- Exercise requirements
Your output should be the lines from the one containing "Feather Fins Joan" through the last line below, both ends included, exactly as written and free of pictures.

- Dataset content
= Beginning of Section =

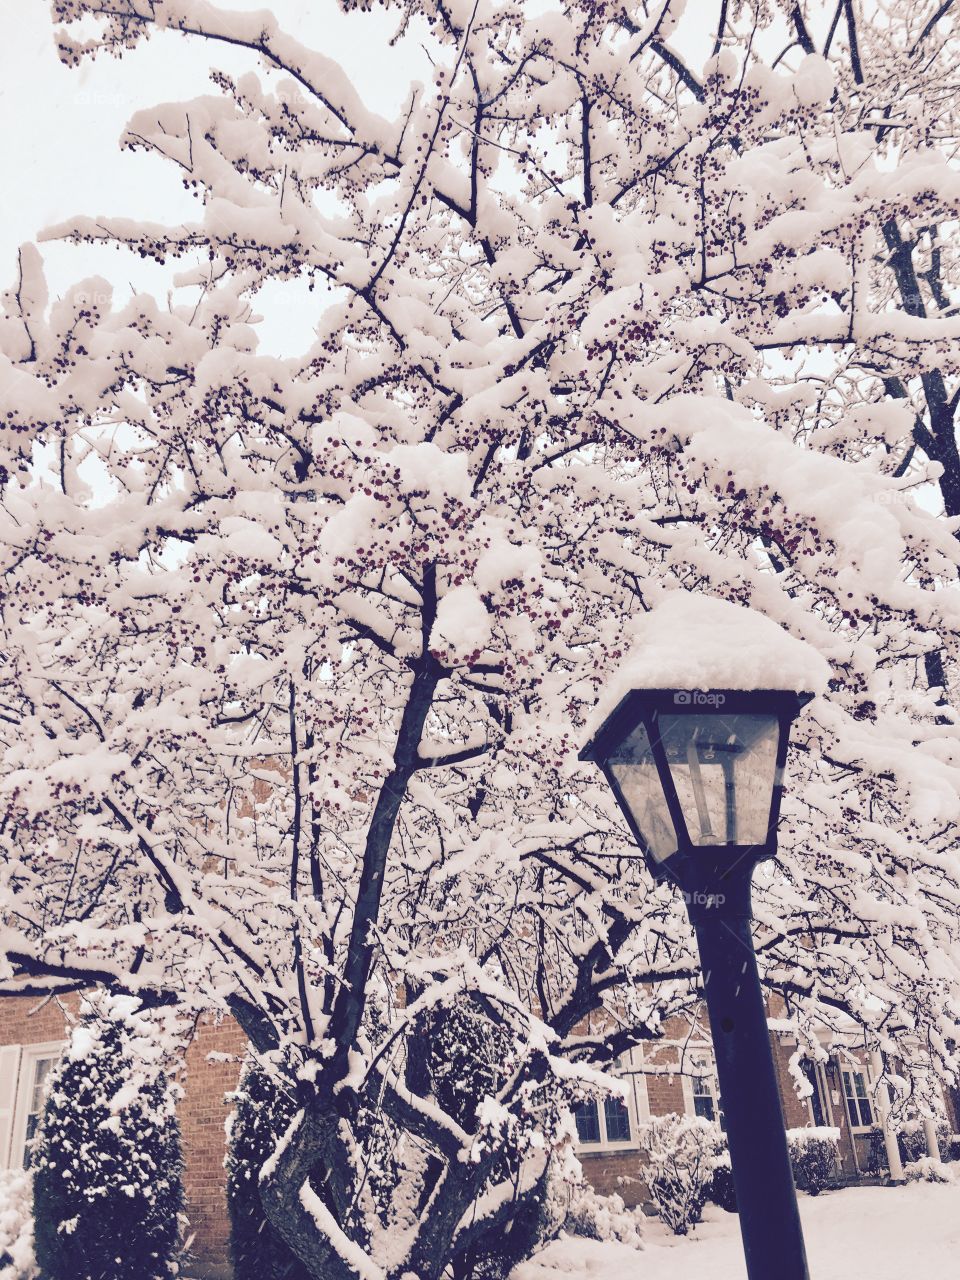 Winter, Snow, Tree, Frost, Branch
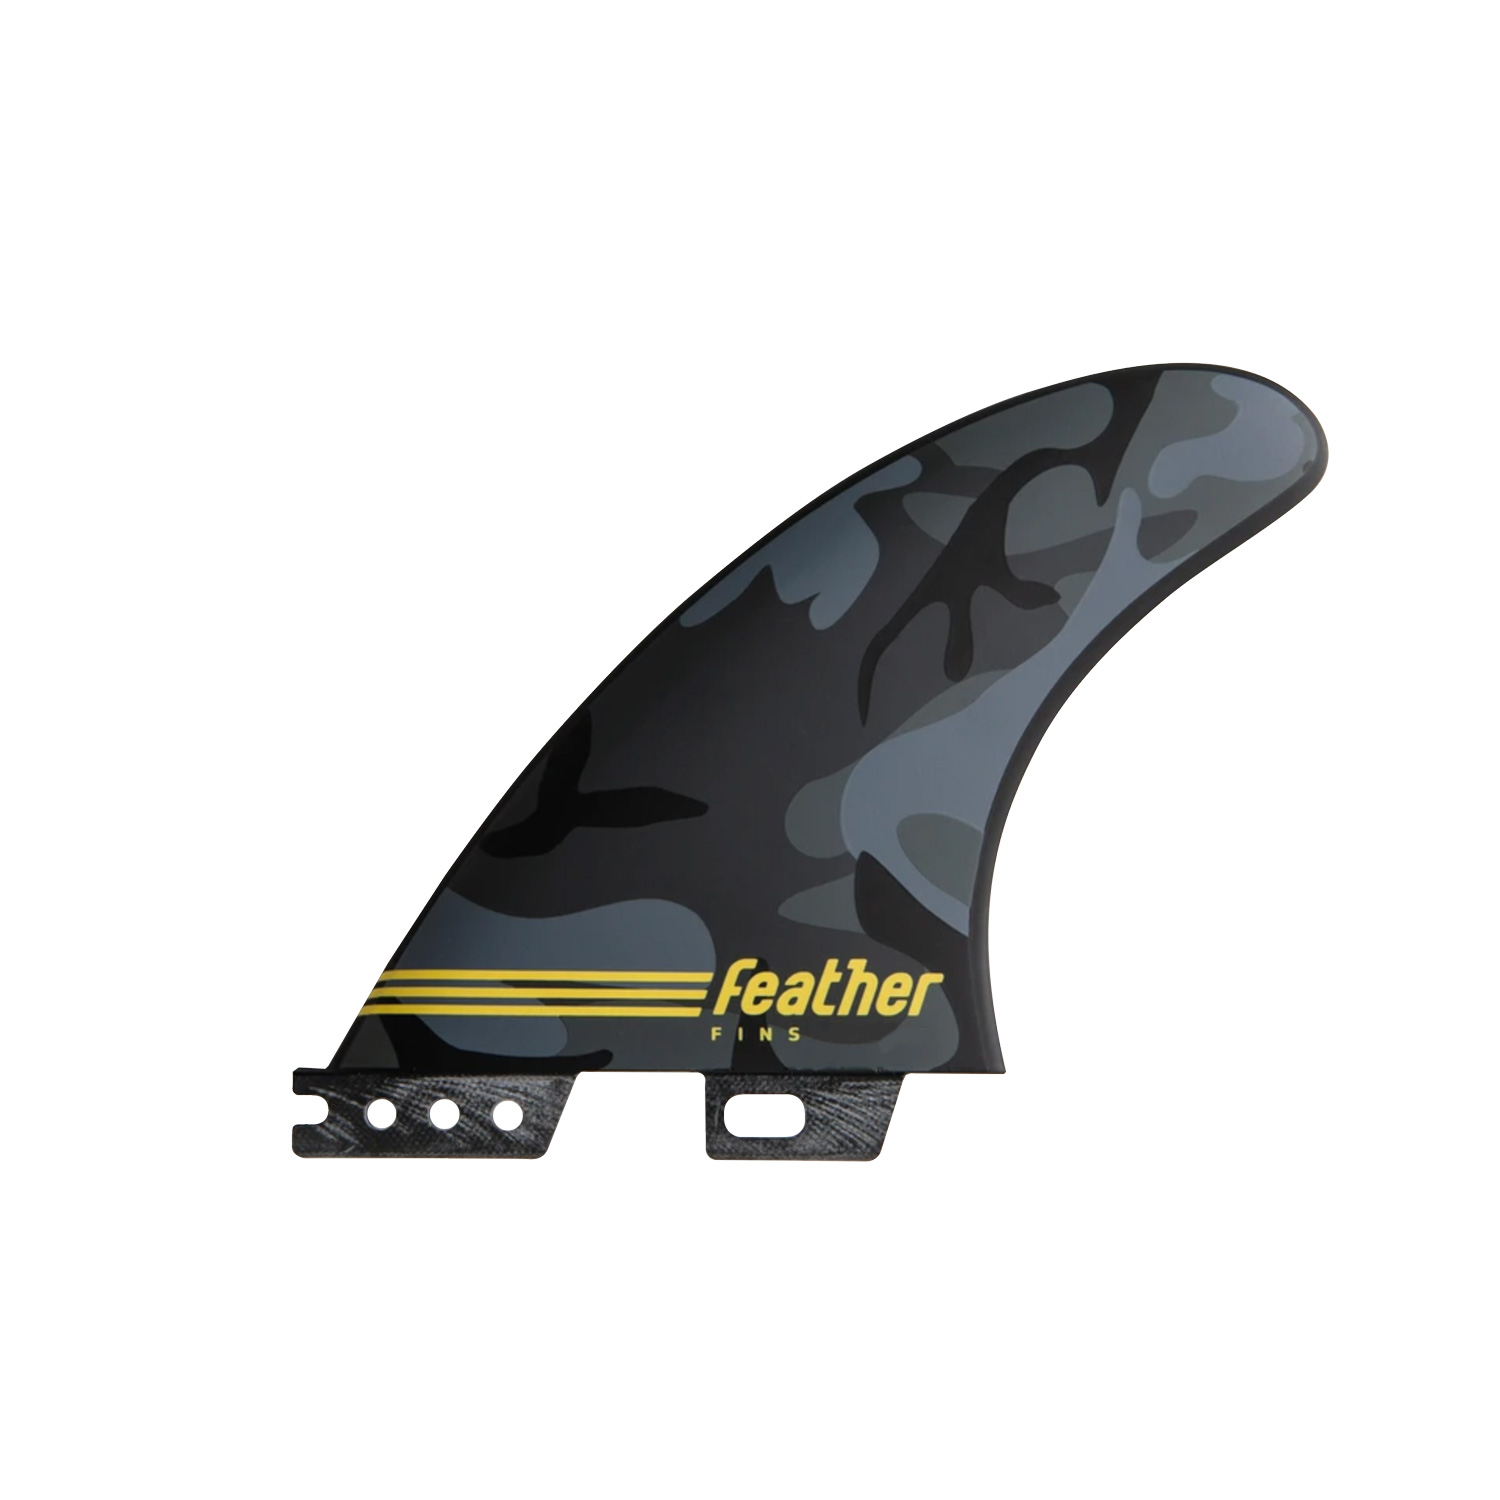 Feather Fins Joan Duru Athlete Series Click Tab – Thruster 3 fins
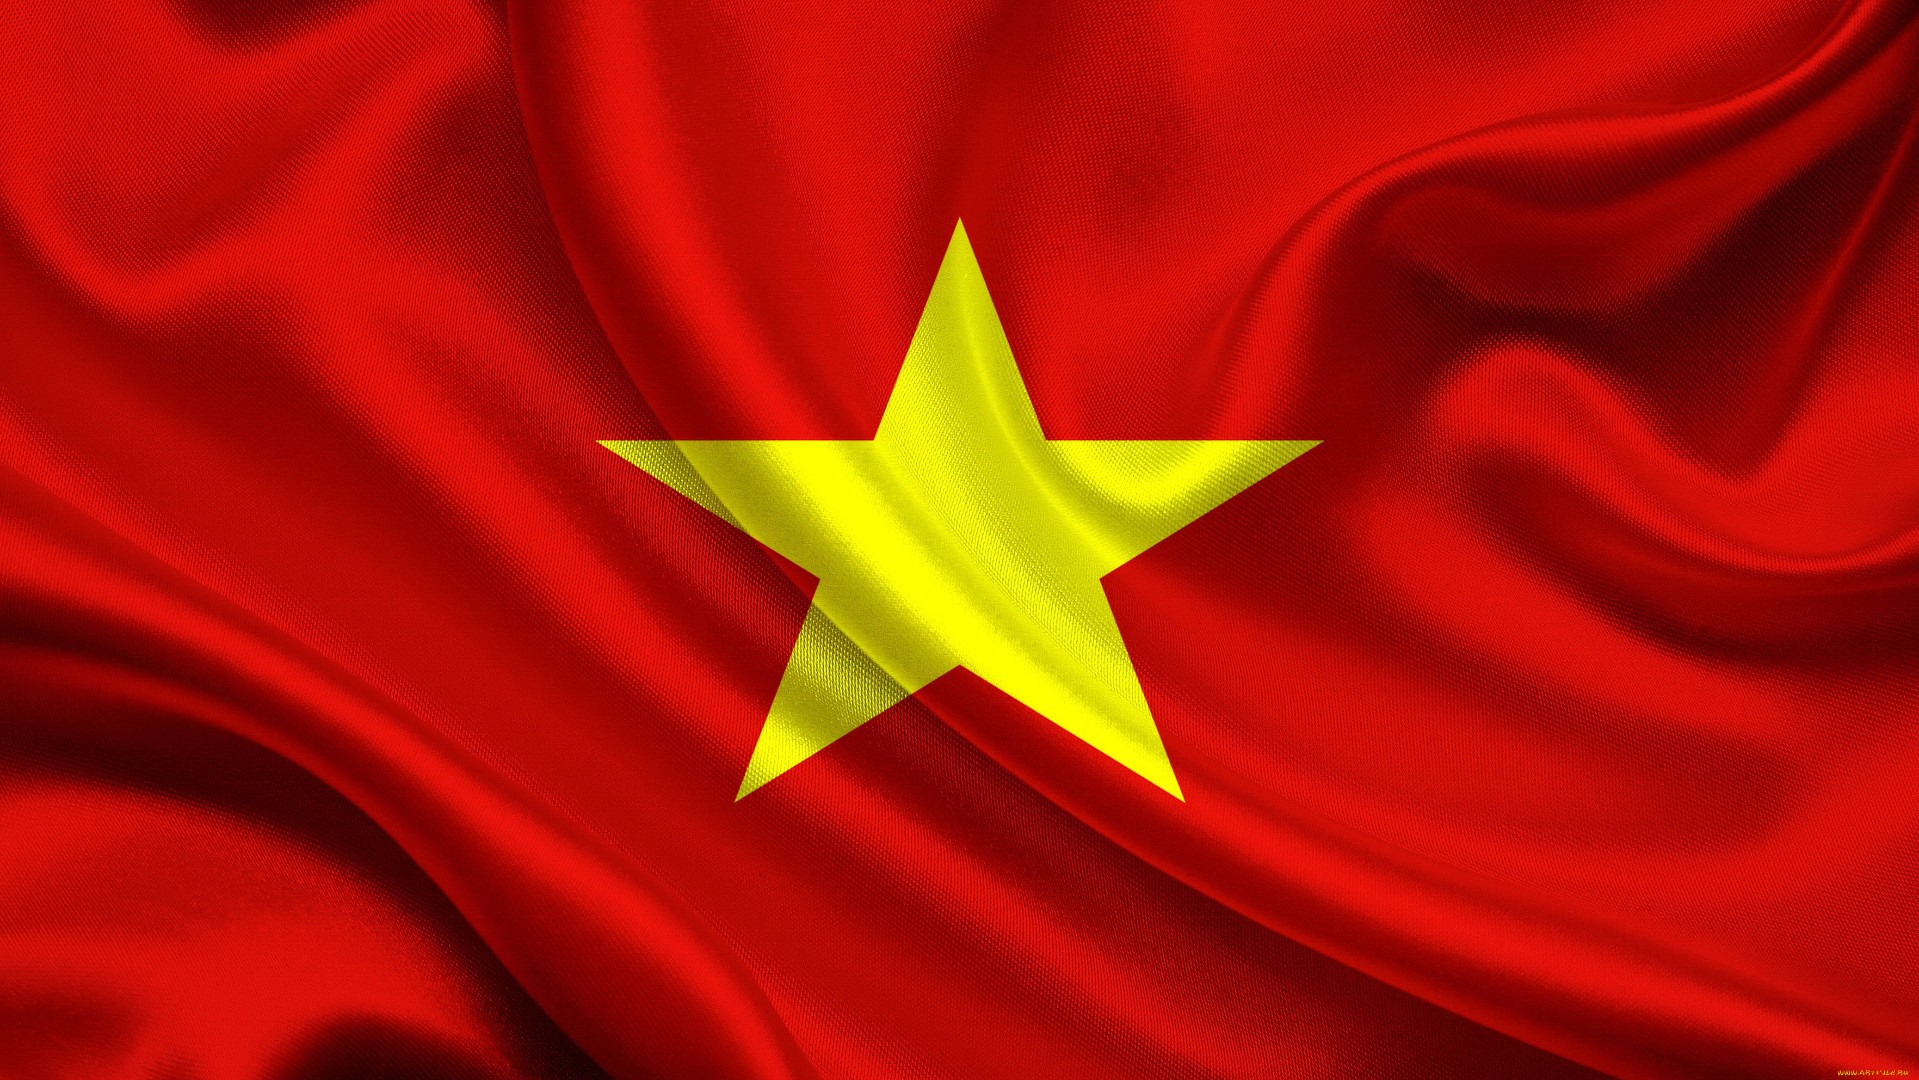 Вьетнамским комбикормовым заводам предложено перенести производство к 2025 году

= End of Section =

- Expected output
 Feather Fins Joan Duru Athlete Series Click Tab – Thruster 3 fins
 Вьетнамским комбикормовым заводам предложено перенести производство к 2025 году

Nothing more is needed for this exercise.